§ Work to be completed
After locating the line with "In Illinois, corn" below, output it and each following line exactly, stopping after the line with "Voigtlander Color Skopar". No pictures.
Data for this task Block Start
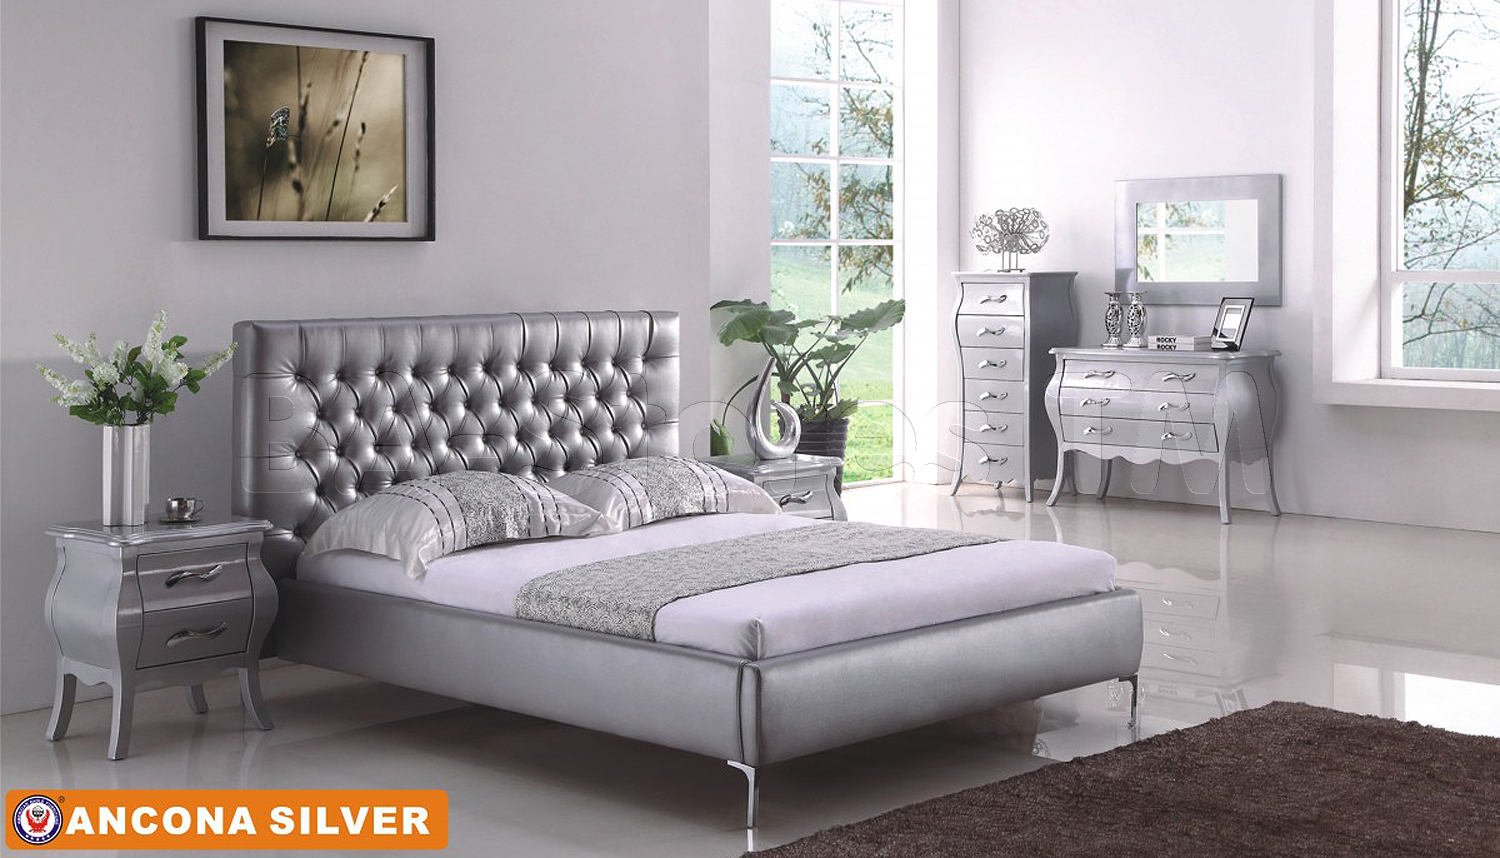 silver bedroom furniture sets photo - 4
Data for this task Block End
Data for this task Block Start
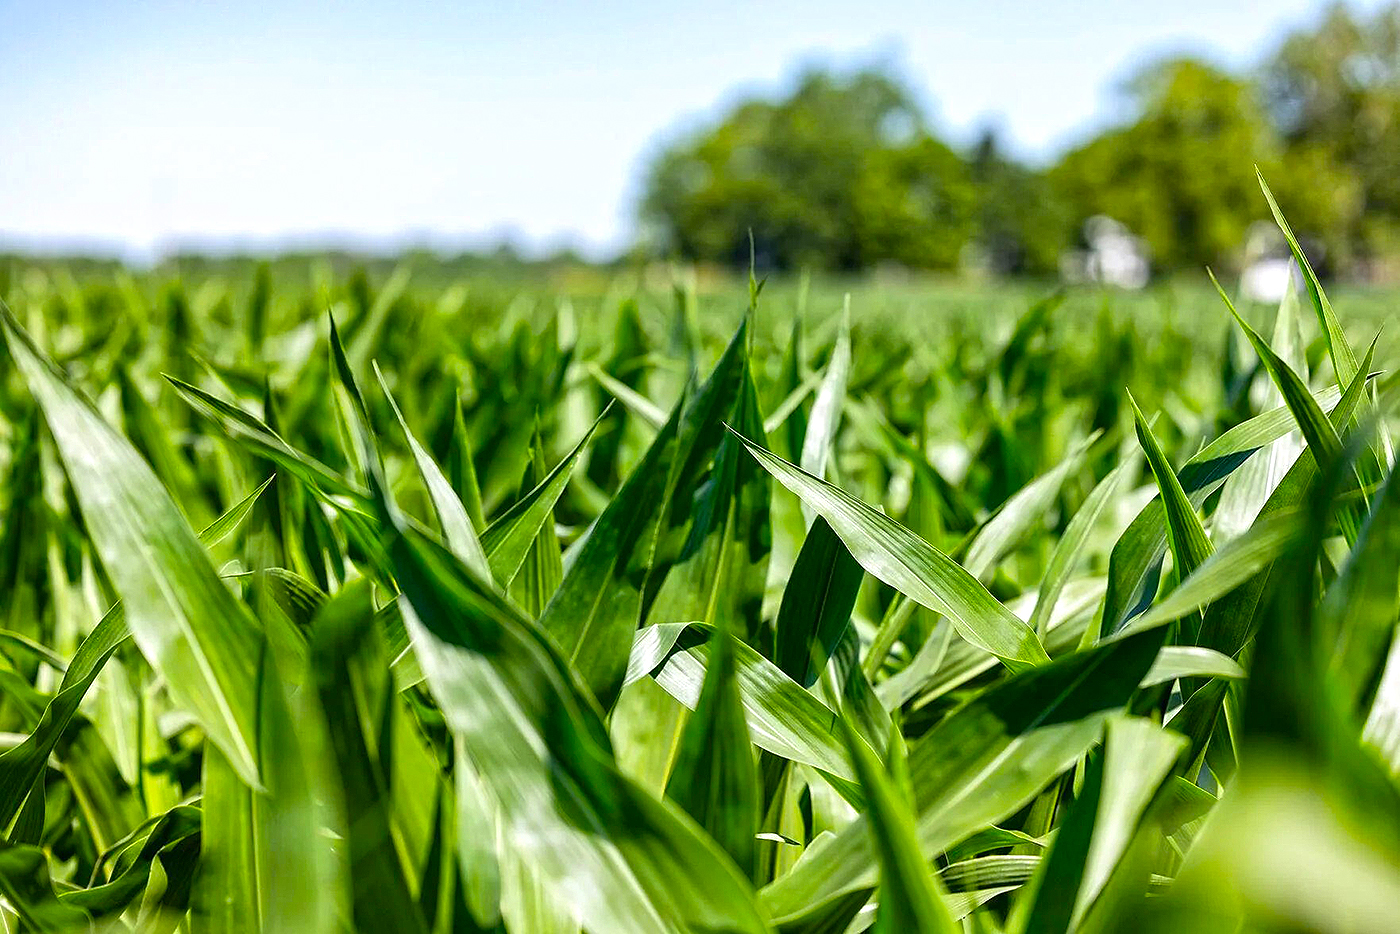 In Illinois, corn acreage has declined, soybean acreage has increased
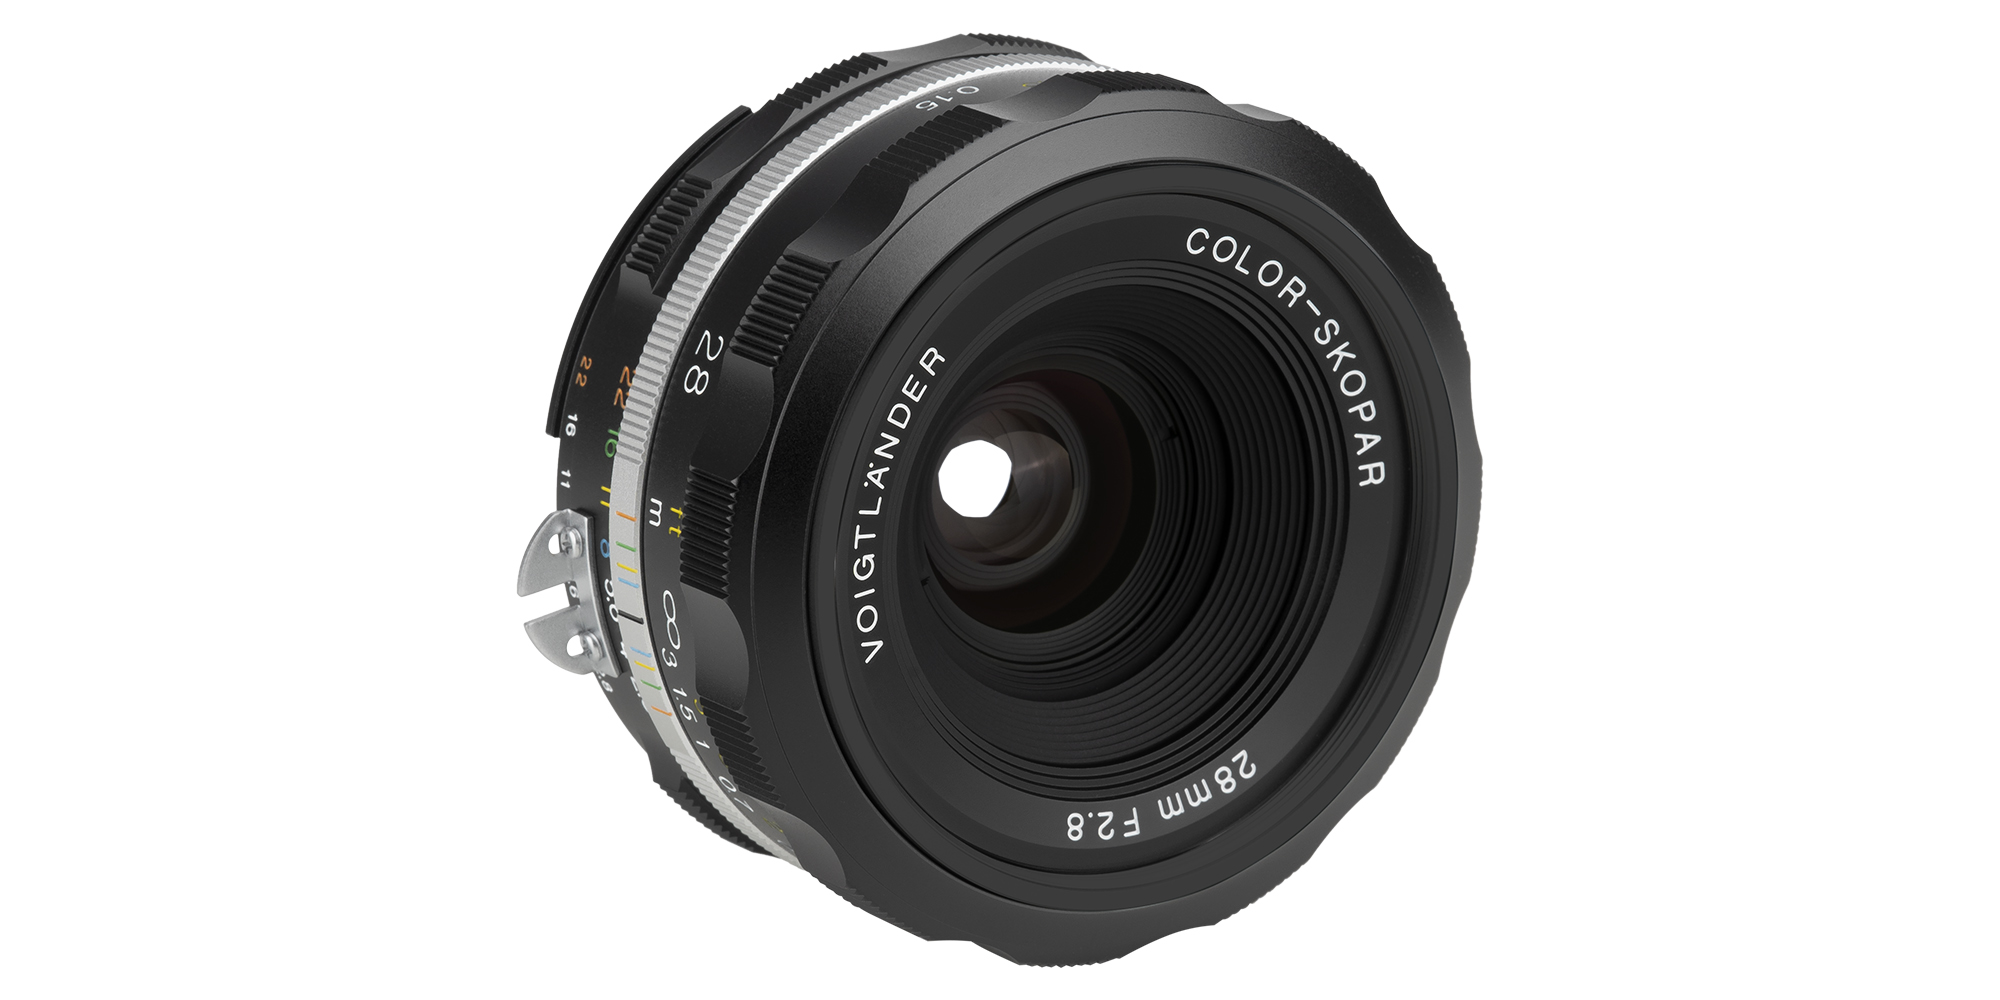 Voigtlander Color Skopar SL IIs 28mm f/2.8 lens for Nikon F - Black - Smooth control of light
Data for this task Block End
§ Solution to this problem
 In Illinois, corn acreage has declined, soybean acreage has increased
 Voigtlander Color Skopar SL IIs 28mm f/2.8 lens for Nikon F - Black - Smooth control of light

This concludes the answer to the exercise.